Submitting a suspicious URL to Google Threat Intelligence Private Scanning Sandbox

The inherent risk of drive-by downloads, malware execution, or exploit kit delivery means that direct interaction with a suspicious domain poses an immediate threat to the investigator’s machine and, by extension, your network. This is why incorporating sandboxing and remote analysis tools is not an optional enhancement but a foundational requirement for a secure and effective phishing investigation procedure.

C. Preliminary Visual Assessment of Phishing Indicators

Following initial data collection, a preliminary assessment of the suspicious domain and associated communication is conducted to identify common phishing indicators. This step helps in rapidly prioritizing and categorizing the threat.

The table below summarizes common phishing indicators, providing a rapid reference guide for analysts during the initial triage phase. While we initially cautioned on solely relying on visual indicators, it is where our manual analysis and investigation starts.

Common Phishing Indicators (Visual & Content Based)

Indicator Category	Specific Clue	Description/Example	Reliability
Content/Tone	Urgent/Threatening Language	"Act now," "Account will be closed"	High
	Too Good to Be True Offer	"Free gift," "Win a trip"	High
	Grammar/Spelling Errors	Poor English, typos (less reliable with AI)	Medium/Low
Links/Call to Action	Mismatched Link URL	Visible text differs from hover over URL	High
Links/Call to Action	Vague Call to Action	Generic buttons, such as, 'Click here'	Medium
Website Visuals	Low Quality Graphics	Pixelated logos, blurry images	Medium
	Awkward Design/Layout	Hard to navigate, missing sections	Medium
	Missing Contact Info	No "About Us" page, generic contact form	High
Security/Payment	Request for Personal Info	Asking for passwords/PII	High
	Bypass Protocols	Asking to circumvent company security procedures	High
	Non Reversible Payments	Only bank transfer, gift cards, crypto	High
SSL/TLS	HTTPS Present	Padlock symbol (use with caution, a majority of phishing sites now use SSL)	Low
SSL/TLS	Suspicious Certificate Details	Generic issuer, short validity, mismatch with brand	Medium

Phase Two: Deep Dive Domain and Infrastructure Analysis

Once preliminary indicators suggest a phishing attempt, a deeper technical analysis of the domain and its underlying infrastructure is essential. This phase aims to uncover definitive evidence of malicious intent and map the adversary's operational footprint.

A. Domain Name Analysis

Identifying Typosquatting and Deceptive Domain Names: A thorough examination of the domain name is paramount. This involves scrutinizing it for subtle misspellings of legitimate brand names (goorgle.com.com, googlle.com.com), the addition of extra words (googlesupport.com), or the use of different Top Level Domains (TLDs) (.net instead of .com). These seemingly minor alterations are designed to trick users who may not scrutinize URLs closely. Particular attention should be paid to the strategic and manipulative use of subdomains. Phishing sites frequently place a trusted brand name within a subdomain (google.fake-site.com) to create an illusion of legitimacy, while the actual malicious domain is the primary domain (fake-site.com) controlled by the threat actors.

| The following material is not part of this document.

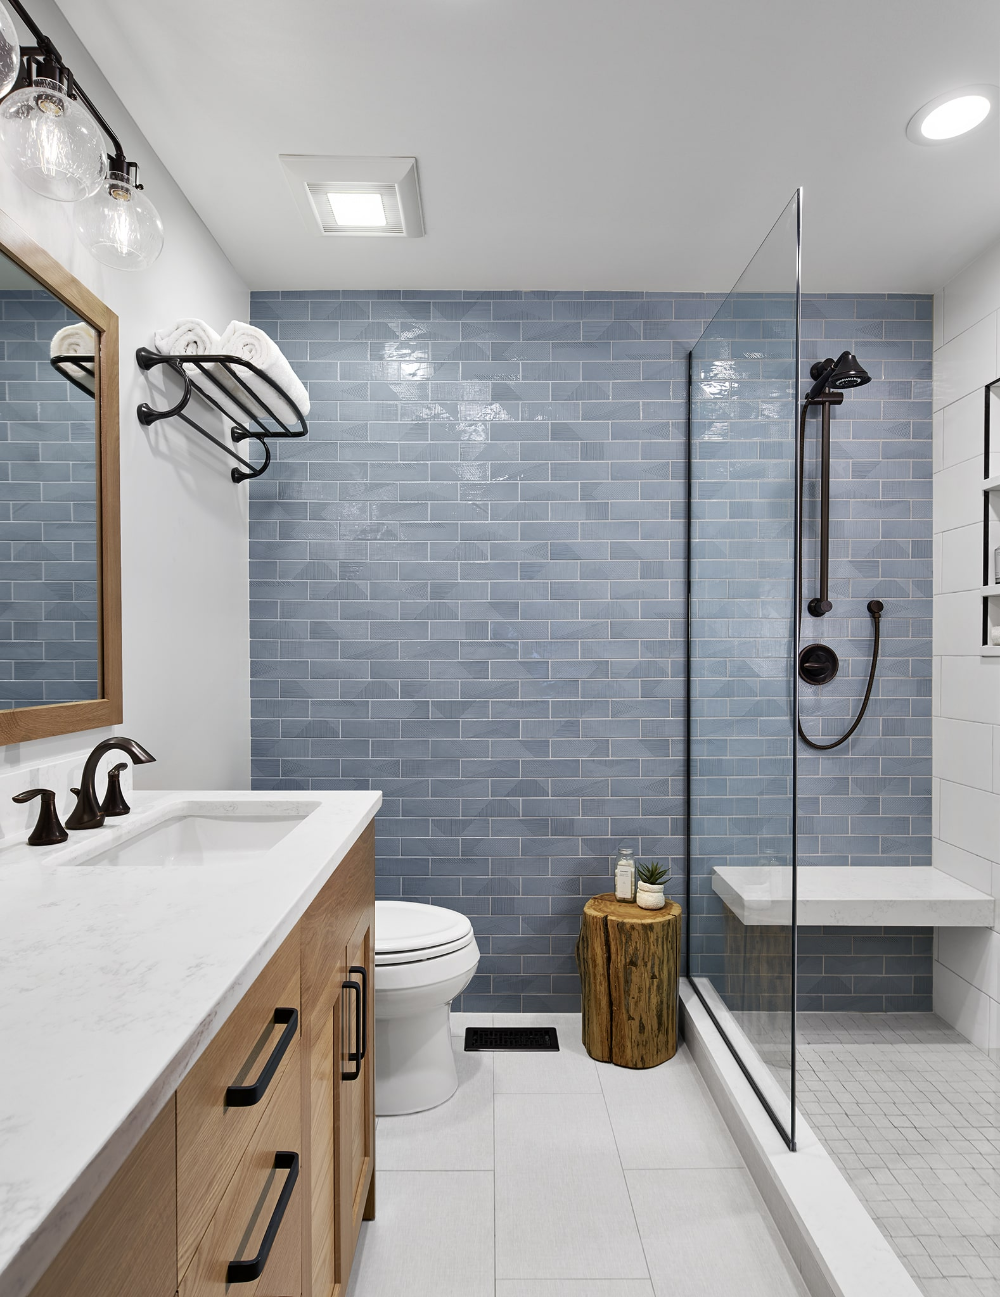 Bathroom Portfolio Chicago Interior Designers Lugbill Designs Bathroom Interior Design Bathroom Design Bathroom Interior
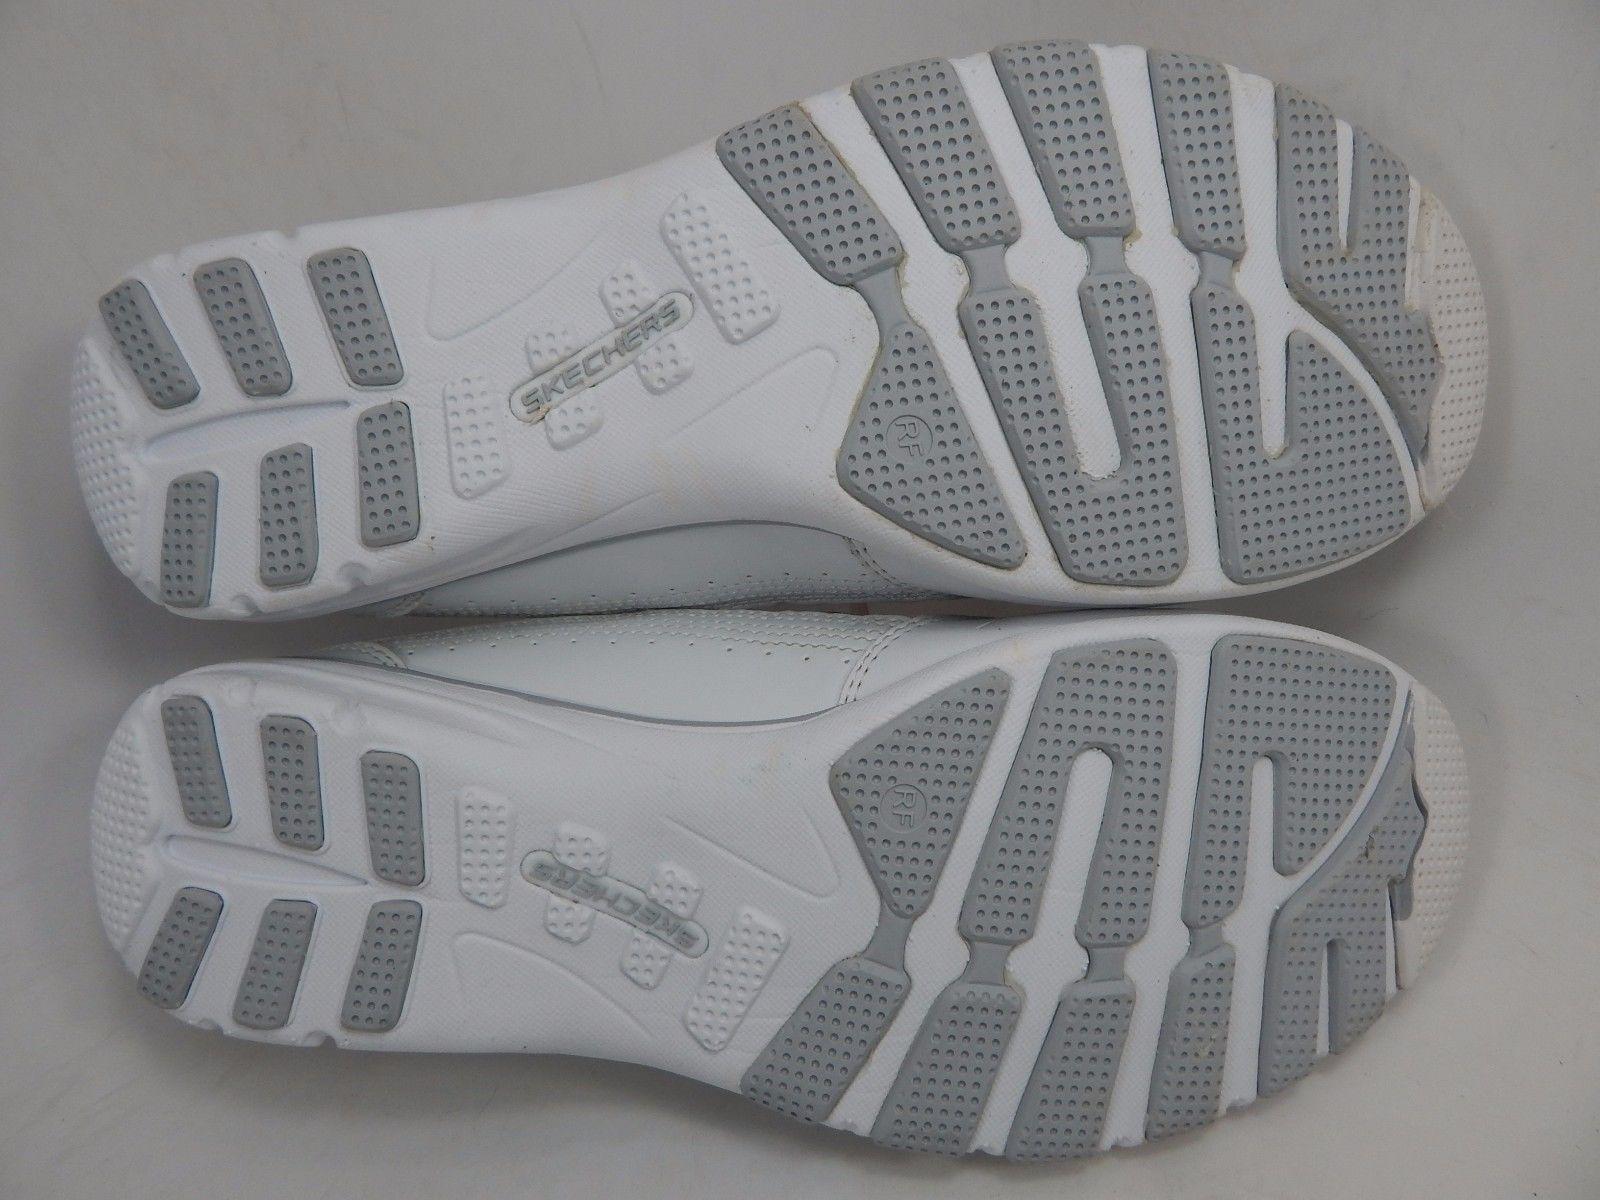 Skechers Sport Women's Conversations Real Deal Mule Shoes Size US 8 M (B) EU 38

Reviewing Top Level Domains (TLDs) and Subdomains: It is important to recognize that certain TLDs have a higher statistical association with malicious activities. Threat actors strategically select TLDs and leverage subdomains to enhance the credibility of their phishing lures and evade detection by basic URL filters. Additionally, certain TLDs cost less money compared to others in registration fees, and this can be one of the reasons threat actors may choose to use a .xyz domain, instead of one ending in .io or .ai. This implies that a comprehensive investigation must extend beyond merely checking the apex (main) domain. Analysts need to scrutinize the entire domain structure, including the TLD and any subdomains, and potentially cross reference them against known lists of malicious TLDs or common phishing patterns. Organizations are strongly encouraged to maintain an updated inventory of all legitimate subdomains and continuously monitor for unauthorized or newly created subdomains, as this is crucial to detect potential subdomain takeovers or malicious usage.

B. Understanding Typosquatting Techniques

Threat actors employ various typosquatting techniques to create deceptive, look-alike domains mimicking legitimate ones. Familiarity with these methods empowers analysts to better recognize, analyze and triage Domain Protection alerts from DTM.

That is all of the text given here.